The Bioinformatics Shared Resource is not a fee-for-service data analysis core. Instead, the shared resource seeks to establish externally funded scientific collaborations with DCI members. The Bioinformatics Shared Resource is able to provide grant writing support, including rigorous genomic study designs (e.g., power and sample size calculations using simulation techniques) and budget estimations (including computing, data storage, and bioinformatic staff and faculty effort) in pursuit of these collaborations.

The first step in establishing a new collaboration with the Bioinformatics Shared Resource is for the principal investigator to request a set of initial meetings with the shared resource leadership and staff to discuss the scientific objectives and scope of the proposed project. These meetings provide the opportunity for the shared resource faculty and staff to learn the background and objectives of the project, and for the investigators to learn more about the resources and expertise of the shared resource. These meetings will also help with determining if resources or expertise from other DCI shared resources, for example the DCI Biostatistics Shared Resource, need to be included. There are no charges for these initial discussions. The Bioinformatics Shared Resource faculty are also highly knowledgeable in providing advice on sequencing technologies, statistical methodology, and computing tools and environments. This support is generally provided at no charge to DCI members.
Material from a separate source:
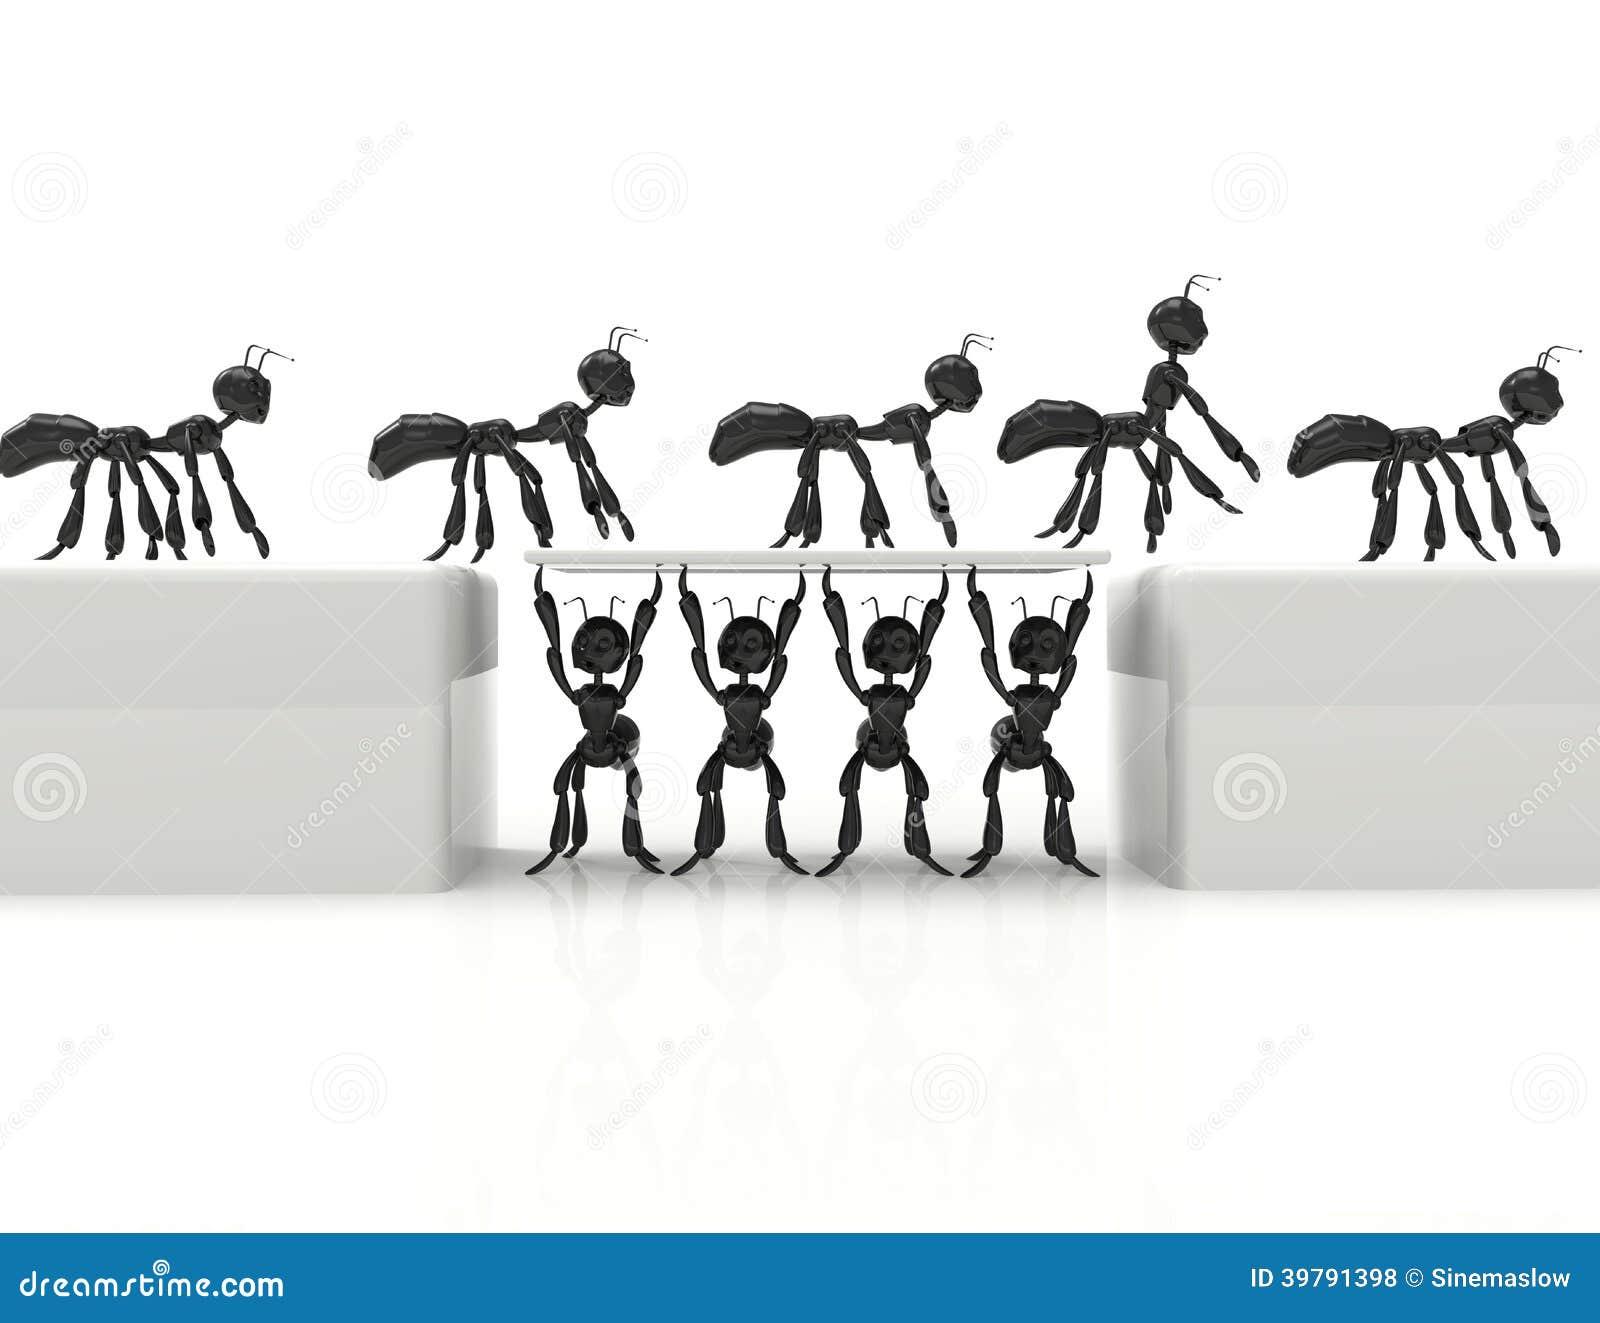 Best Team 3d Cartoon Ants Stock Illustration Image 39791398

There are limited faculty, staff, and computing resources available for conducting initial analyses during the pre-award stage (e.g., to develop preliminary data for a grant application). If these initial resources are deemed to be insufficient considering the scope of the requisite analyses, the Bioinformatics Shared Resource will assist in developing a budget to conduct the requisite analyses.

The costs of provisioning and using cluster resources and cloud storage from the Duke Health Technology Solutions (DHTS) are charged directly to DCI members.